● Record extracts
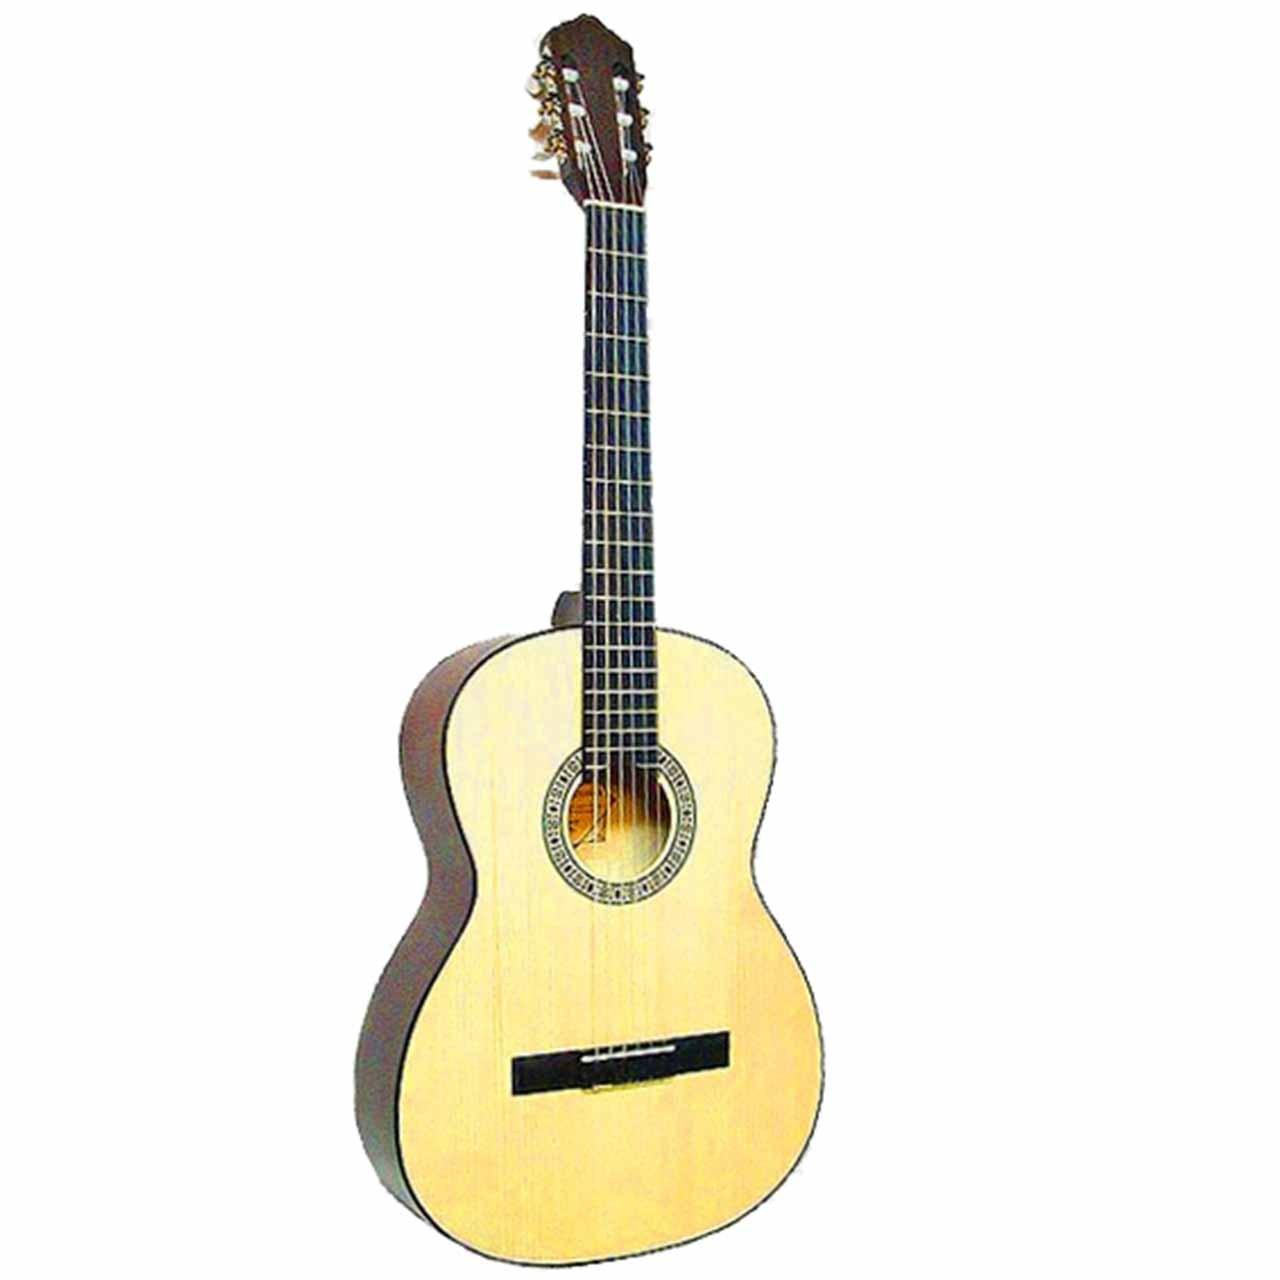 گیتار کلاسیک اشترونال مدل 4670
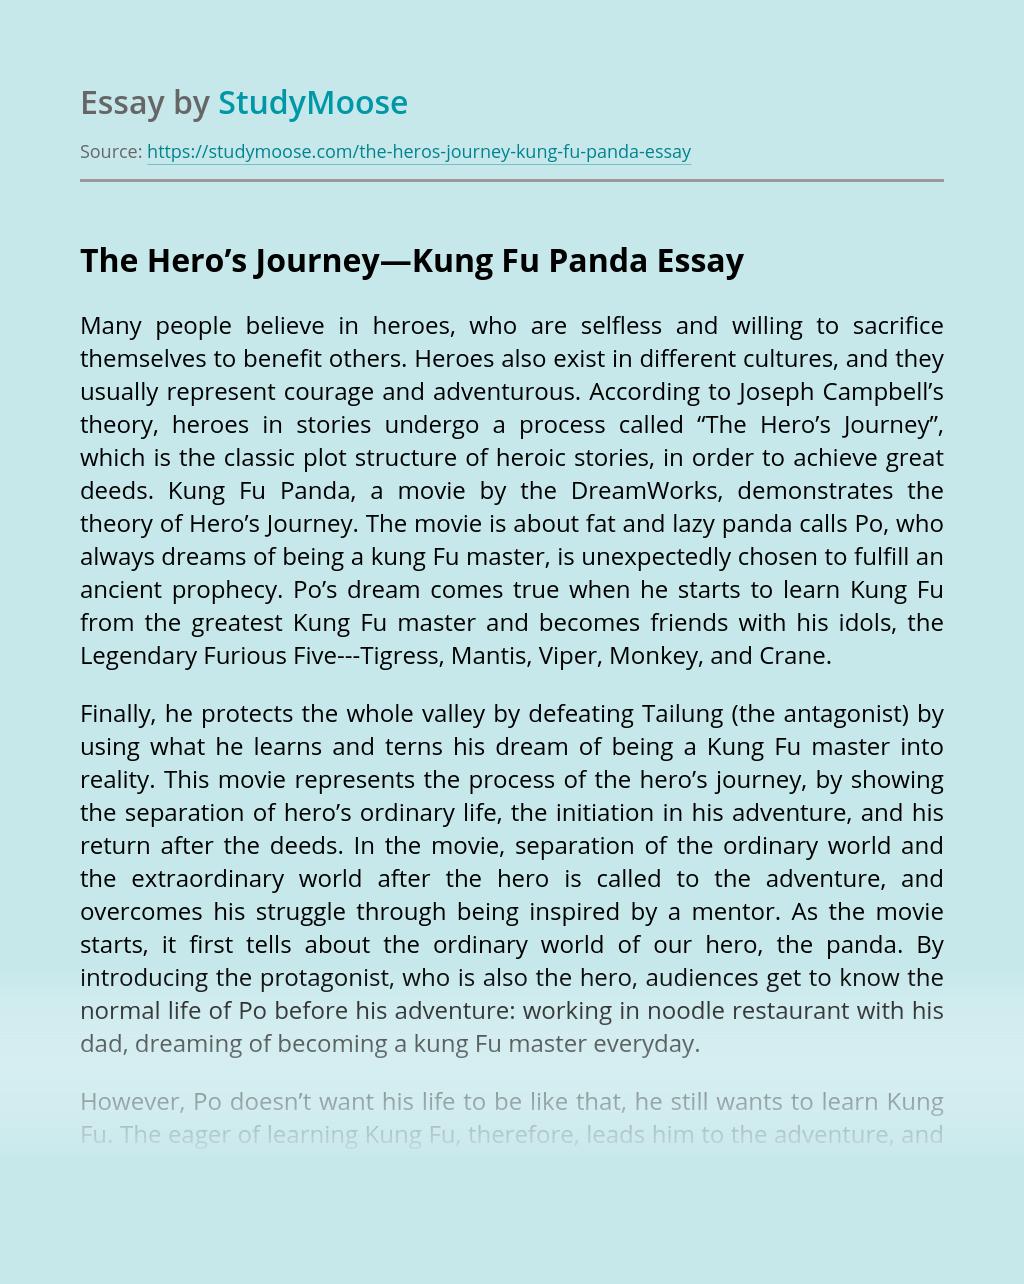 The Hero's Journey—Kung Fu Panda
* * *
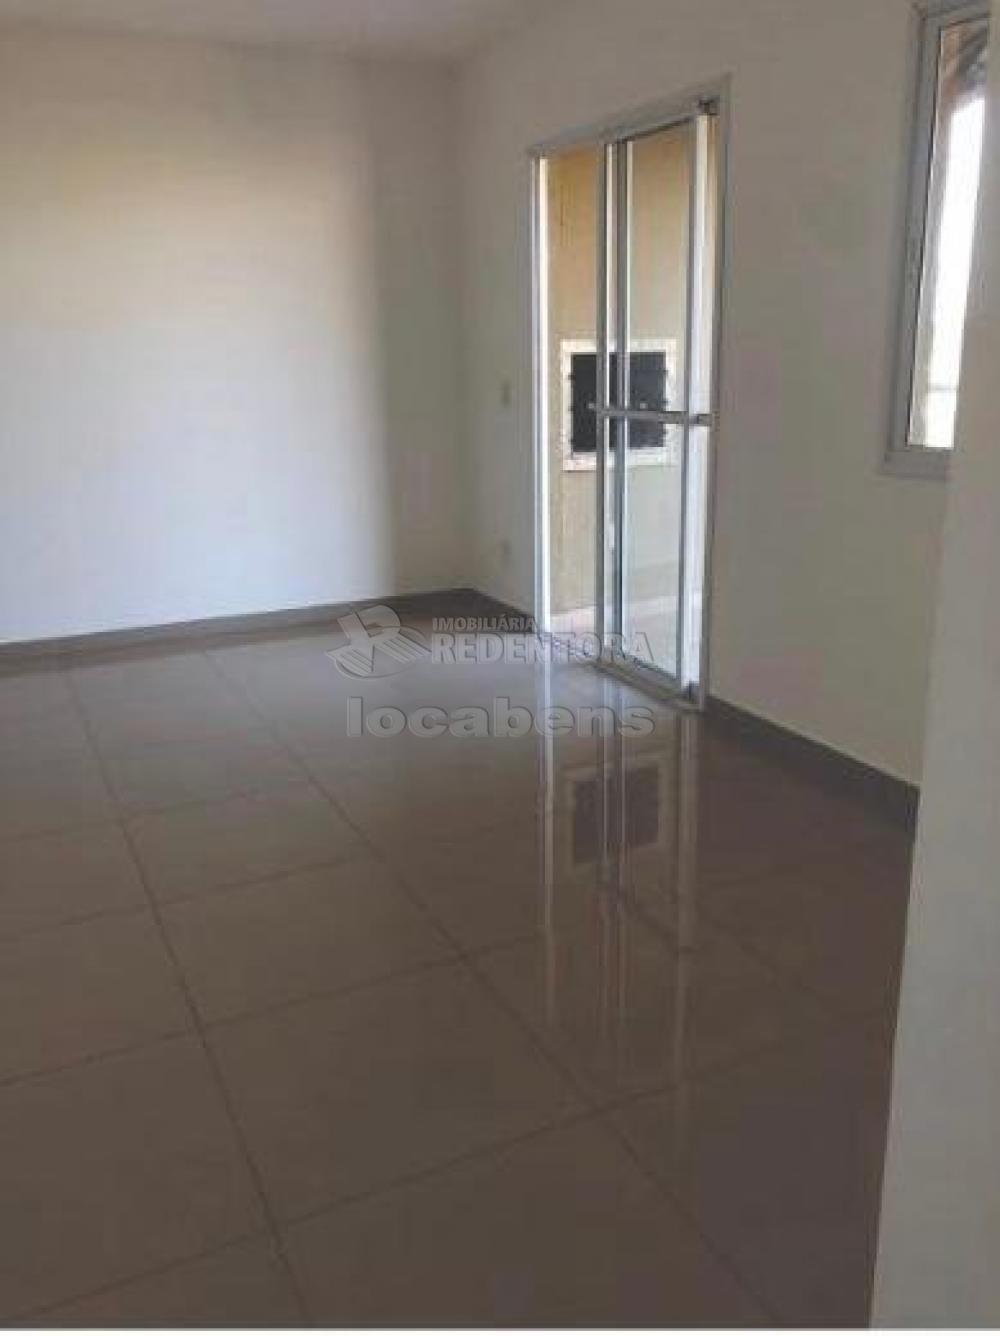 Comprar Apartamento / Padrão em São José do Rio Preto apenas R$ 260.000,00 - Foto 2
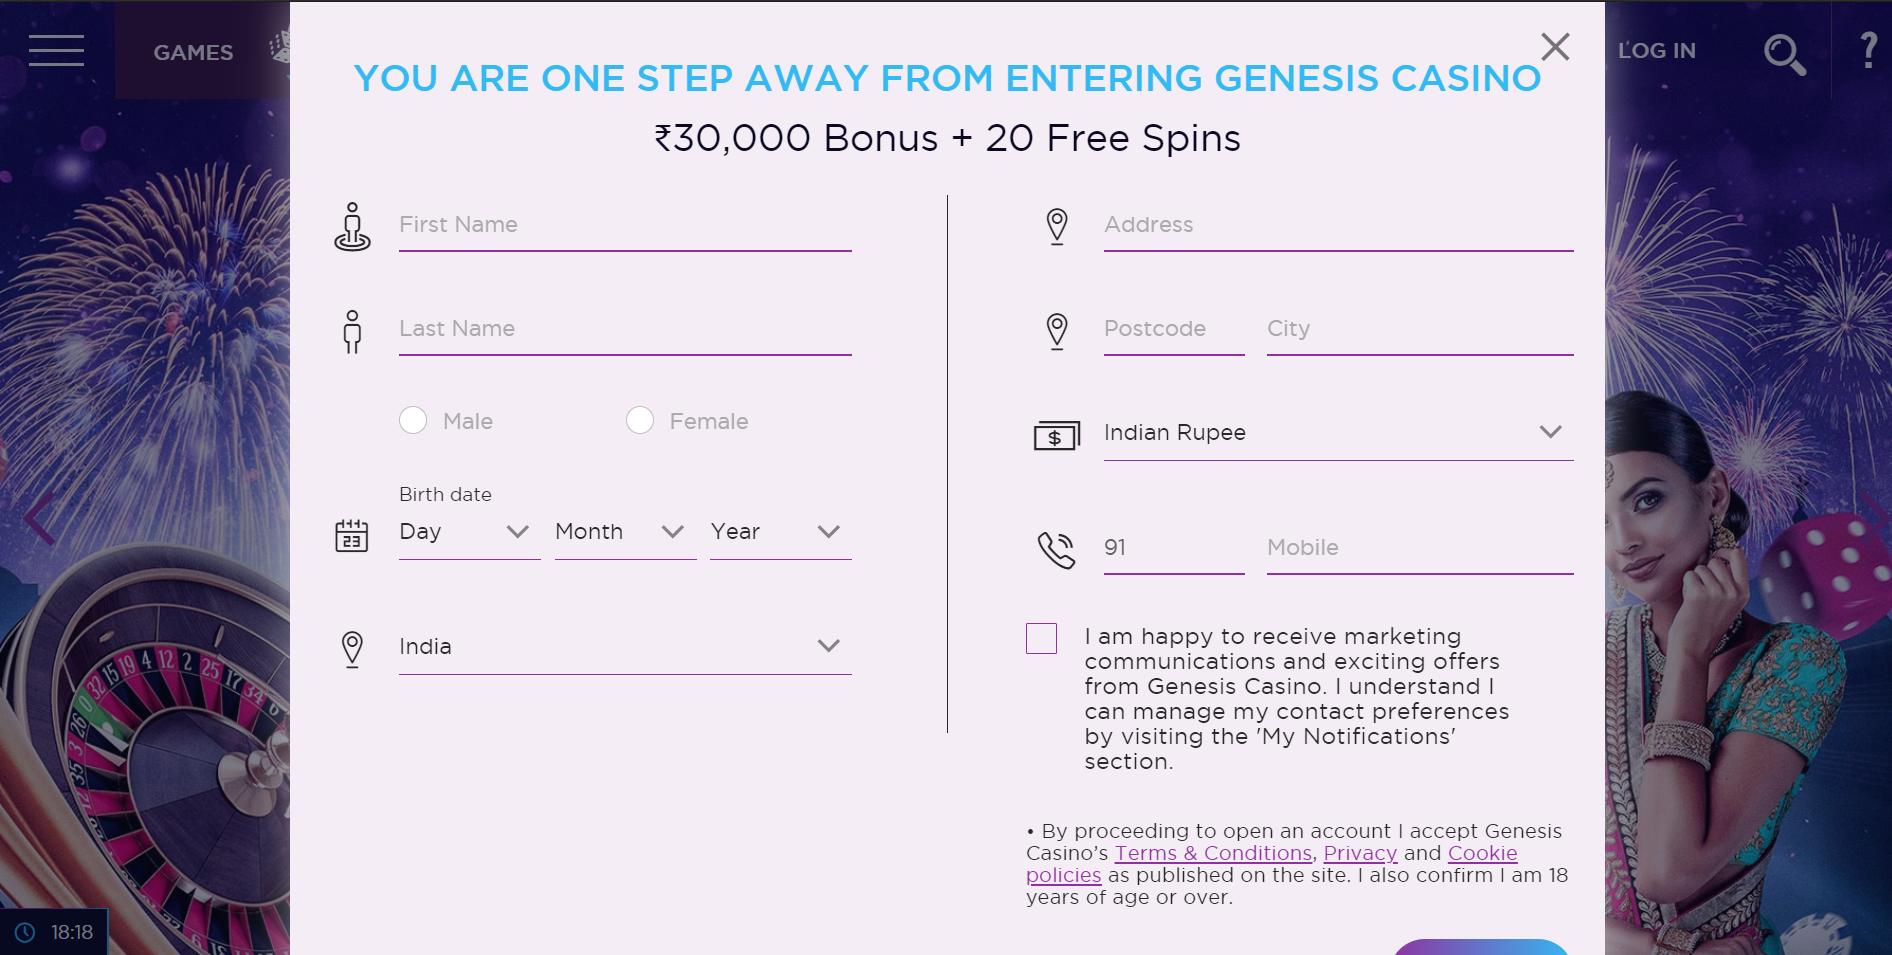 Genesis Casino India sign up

● Task goal
Please repeat, exactly as written, the lines in the records above, starting with the one that has "گیتار کلاسیک اشترونال مدل 4670" and going on through the one that has "The Hero's Journey—Kung Fu Panda". Pictures are to be left out.

● Solution
 گیتار کلاسیک اشترونال مدل 4670
 The Hero's Journey—Kung Fu Panda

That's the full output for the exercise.